*** Data block Section Begins ***
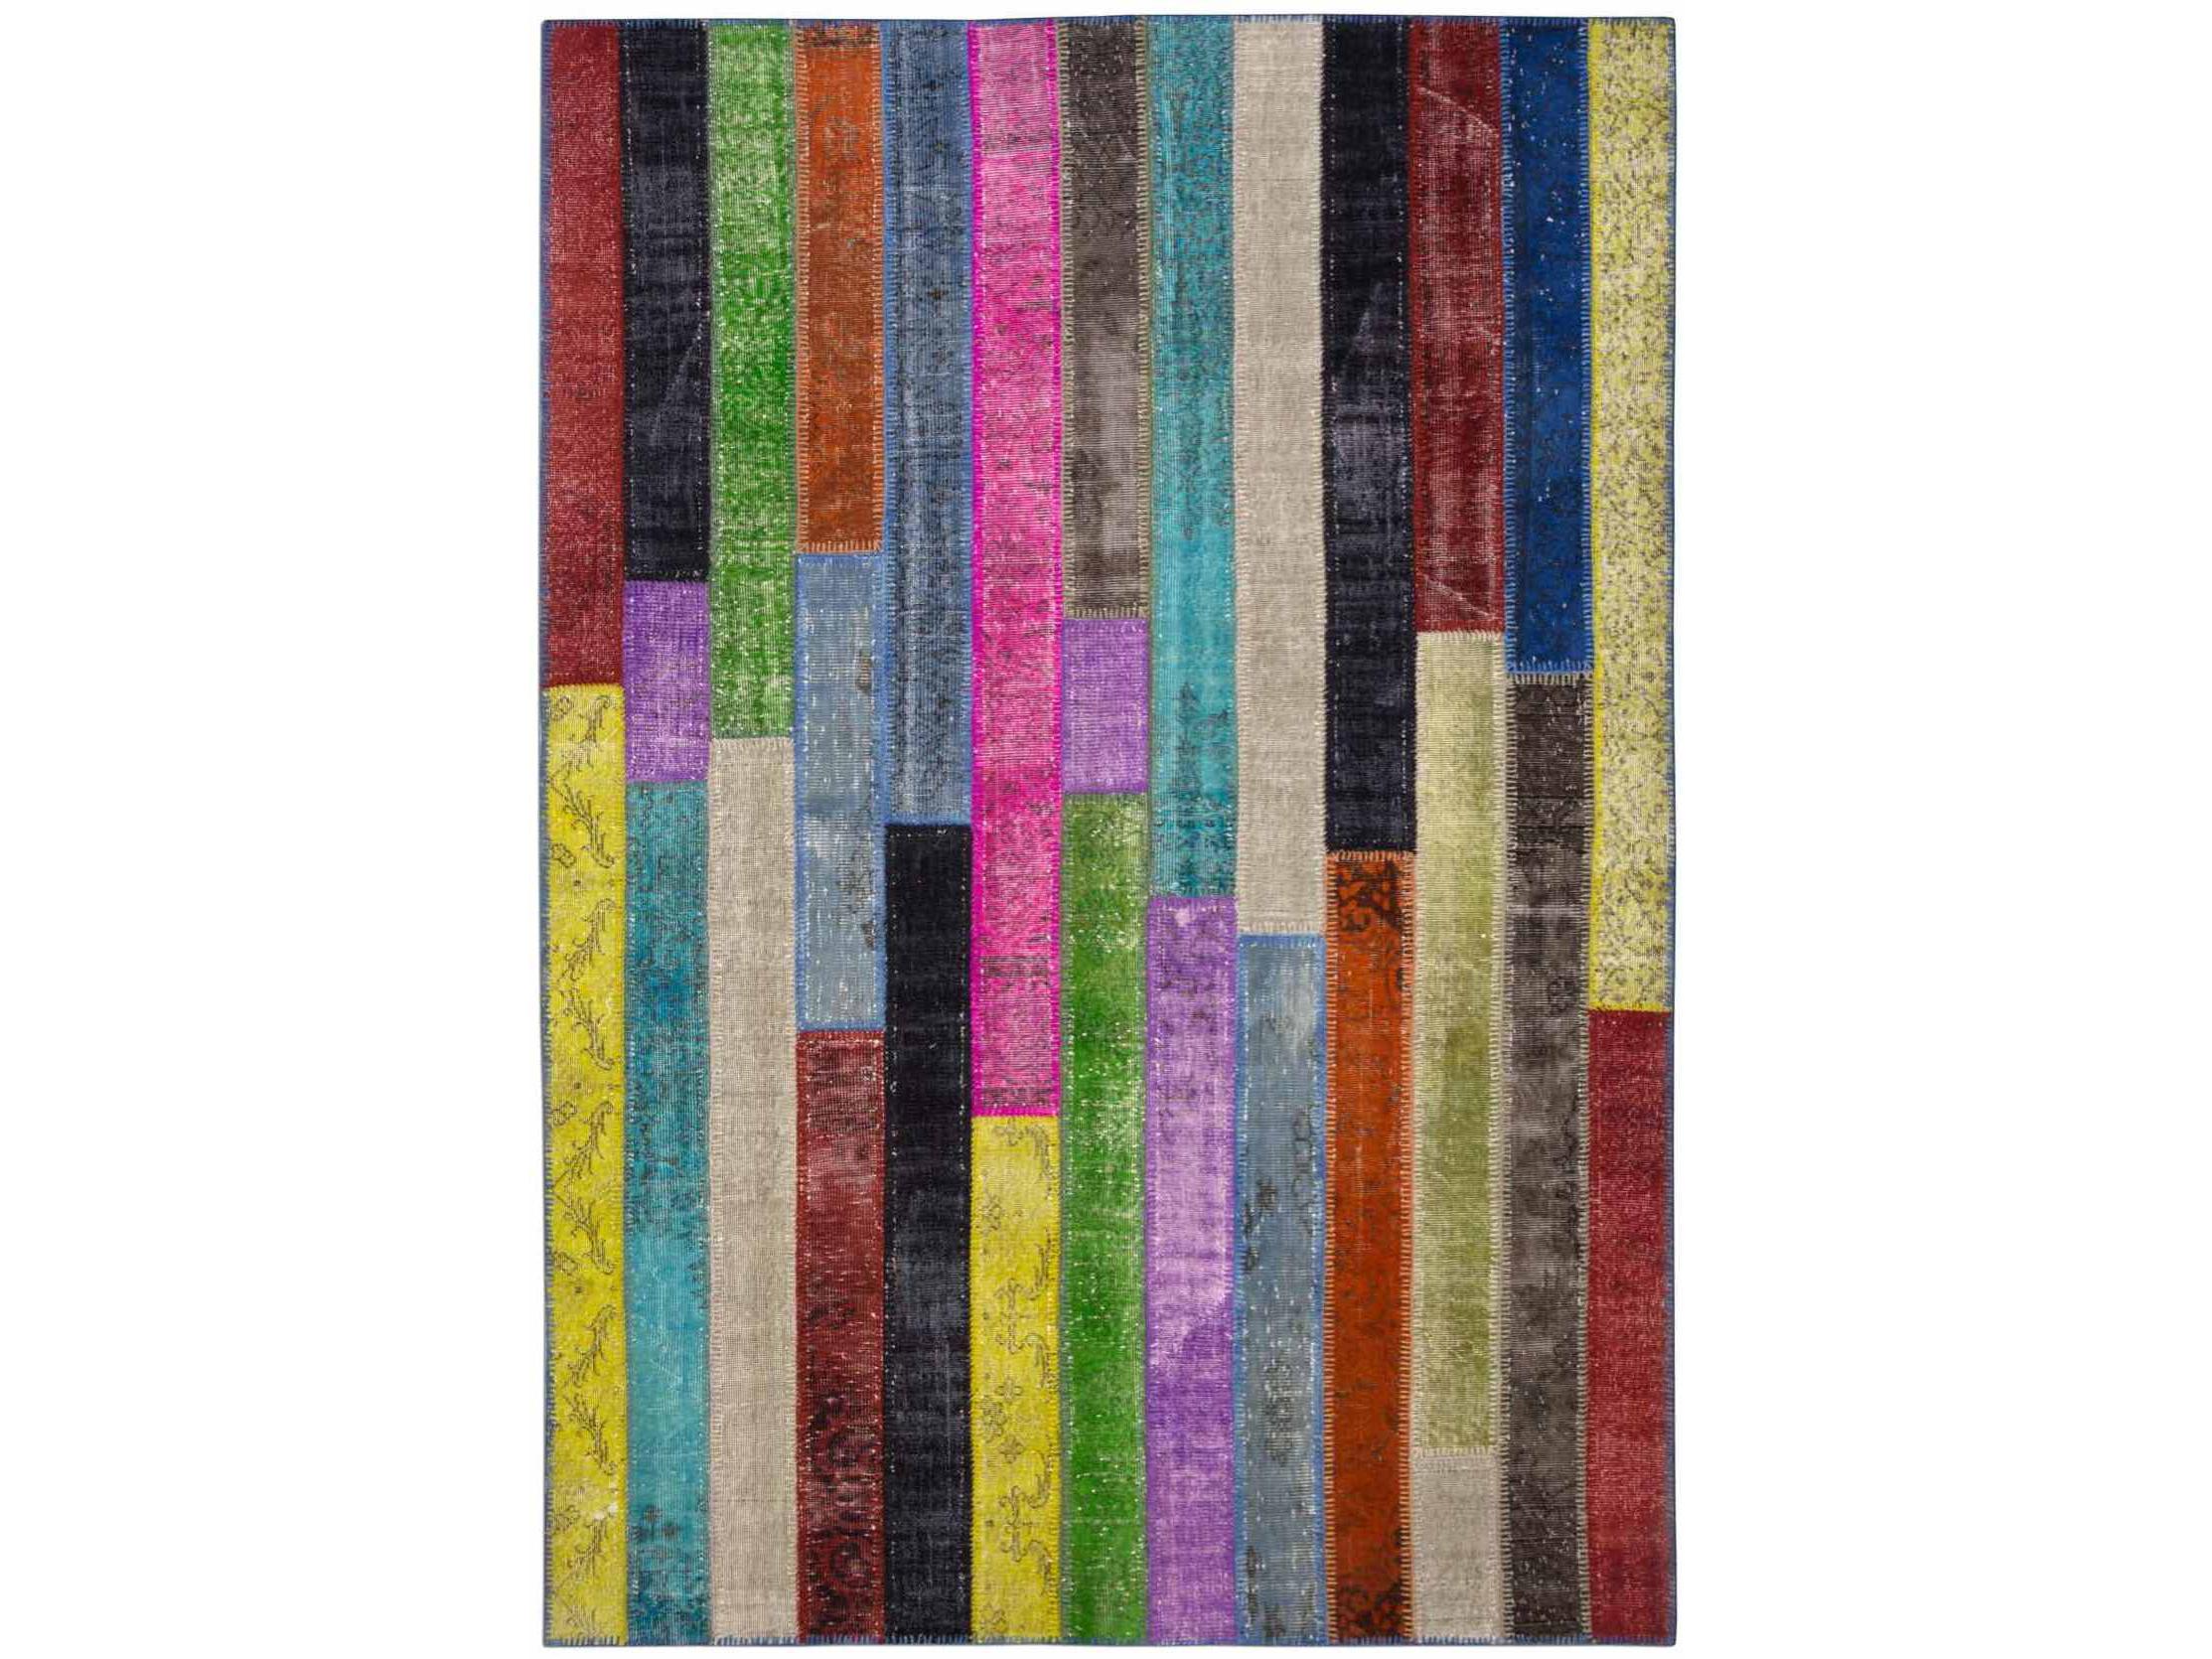 Ковер PatchworkПрямоугольные ковры<br>Винтажный ковер ручной работы в стиле &amp;quot;пэчворк&amp;quot; <br>из 100% шерсти. Ковер прекрасно подходит в <br>любые современные и классические интерьеры, <br>а благодаря тощине ковра всего 5 мм. и отсутствию <br>ворса, его легко чистить любыми видами пылесосов. <br>Этот настоящий ковер ручной работы не потеряет <br>своих красок и будет служить десятилетия.<br><br>Material: Шерсть<br>Ширина см: 208.0<br>Глубина см: 302.0
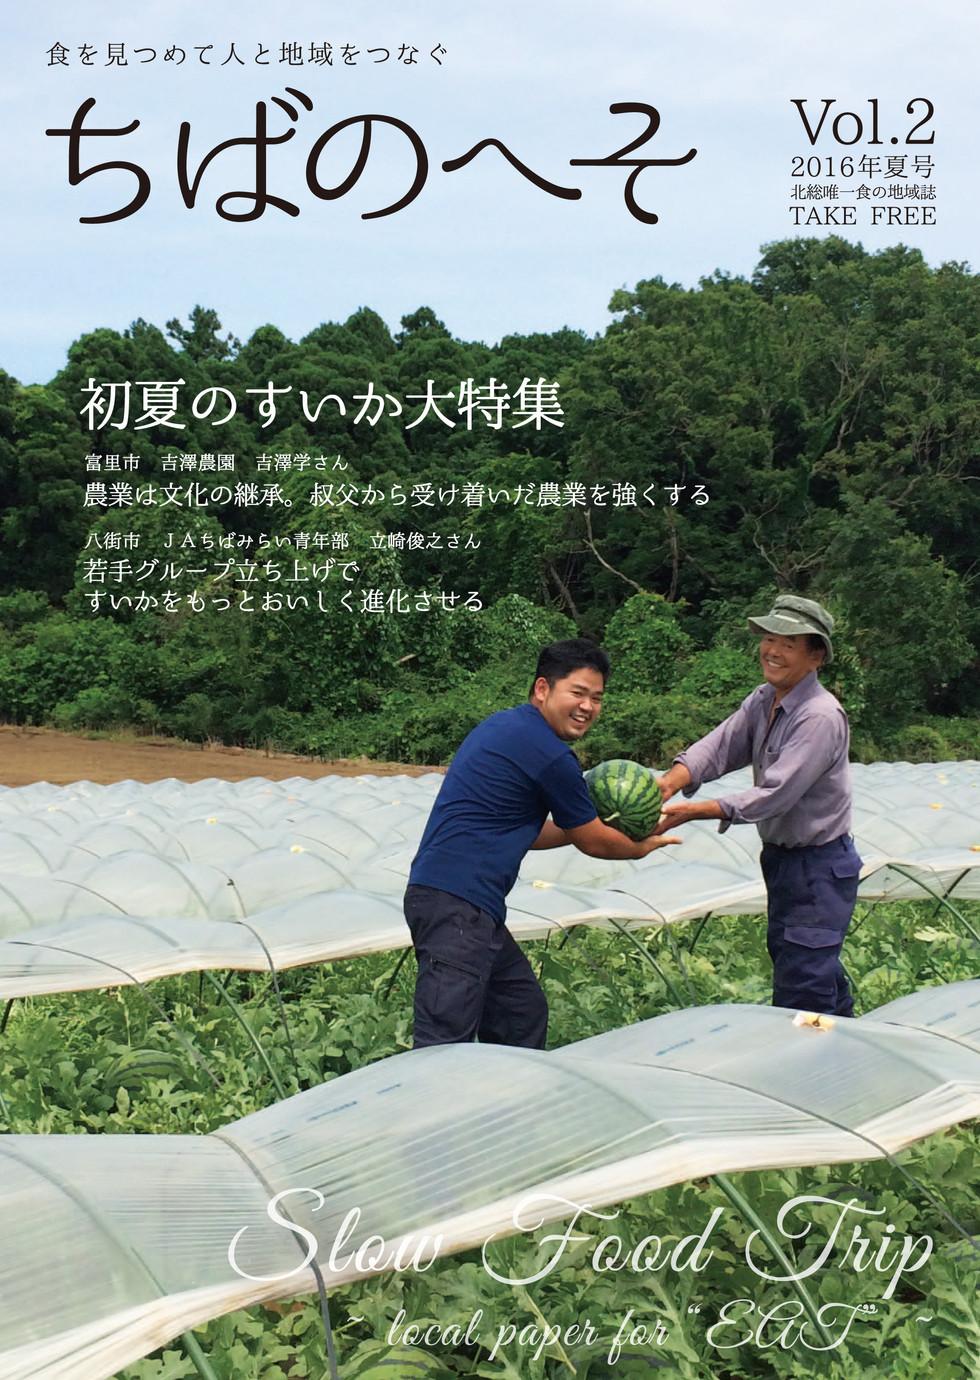 すいか号 Vol.2
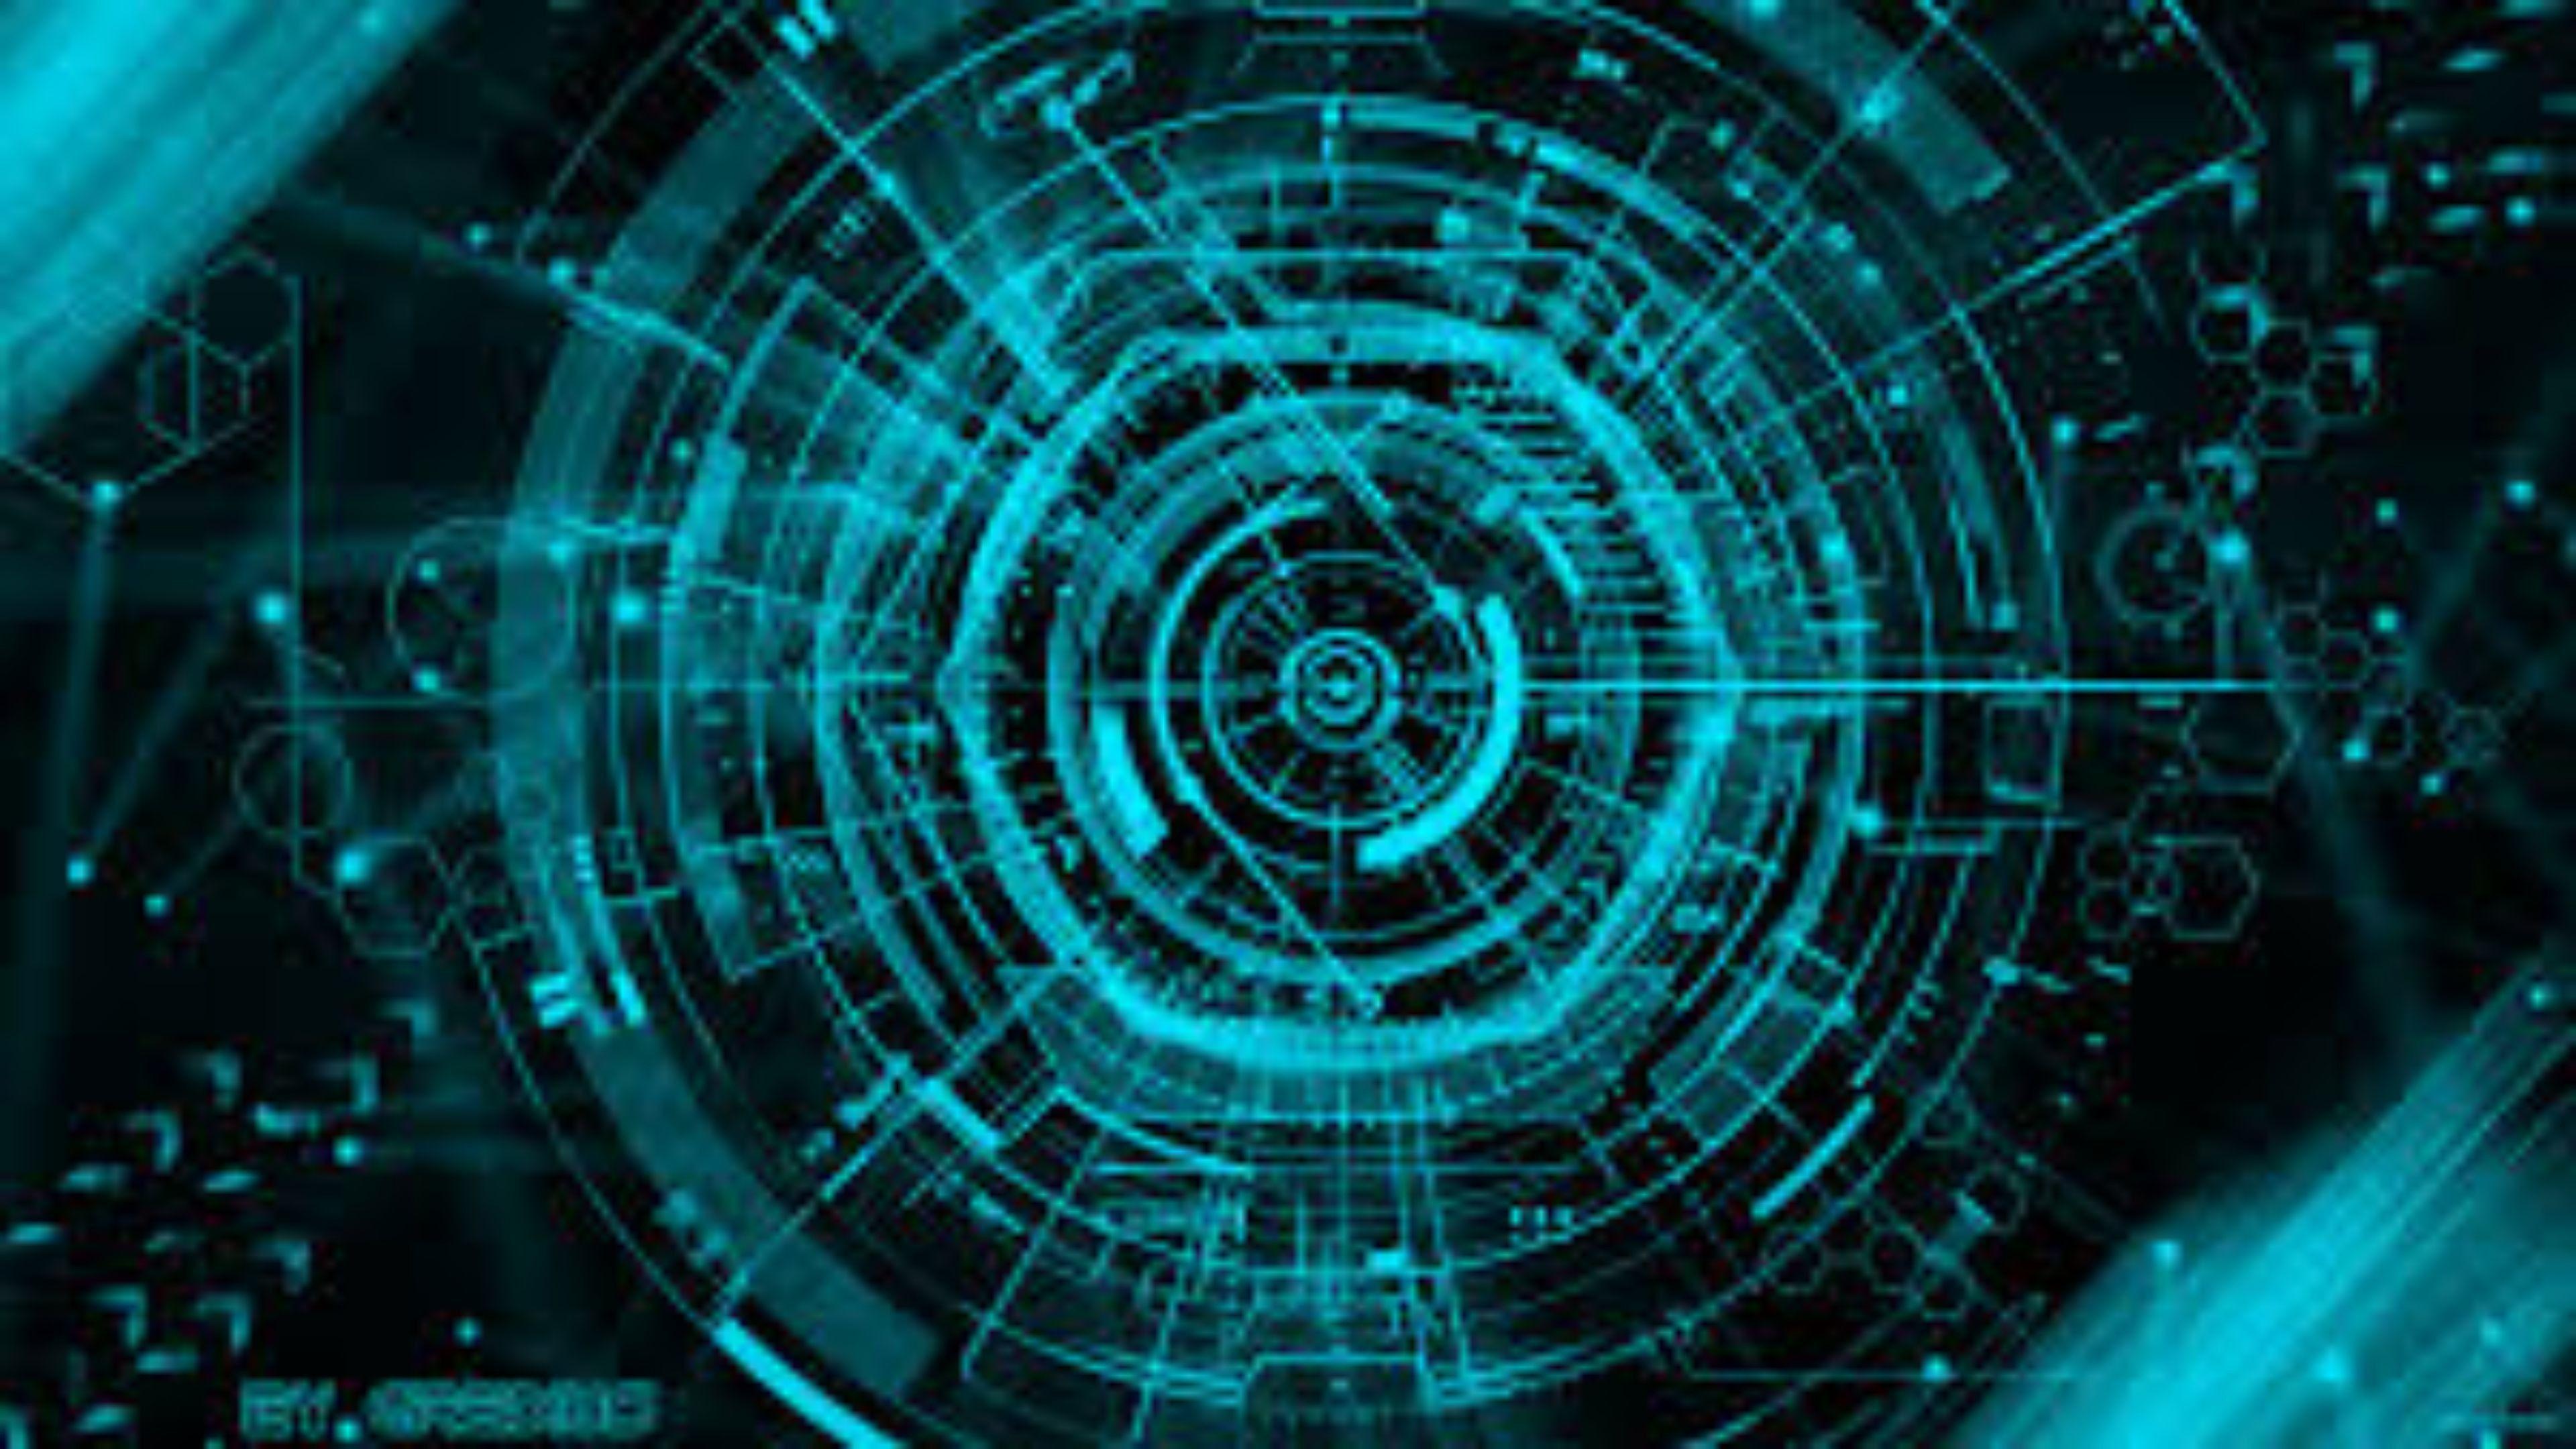 3840x2160 Hd Digital Wallpaper Backgrounds For Free Download Computer Wallpaper Hd Technology Wallpaper Computer Wallpaper
*** Data block Section Ends ***
◆ To do
Write the lines above out again exactly, excluding every picture.

◆ Task solution
 Ковер PatchworkПрямоугольные ковры<br>Винтажный ковер ручной работы в стиле &amp;quot;пэчворк&amp;quot; <br>из 100% шерсти. Ковер прекрасно подходит в <br>любые современные и классические интерьеры, <br>а благодаря тощине ковра всего 5 мм. и отсутствию <br>ворса, его легко чистить любыми видами пылесосов. <br>Этот настоящий ковер ручной работы не потеряет <br>своих красок и будет служить десятилетия.<br><br>Material: Шерсть<br>Ширина см: 208.0<br>Глубина см: 302.0
 すいか号 Vol.2
 3840x2160 Hd Digital Wallpaper Backgrounds For Free Download Computer Wallpaper Hd Technology Wallpaper Computer Wallpaper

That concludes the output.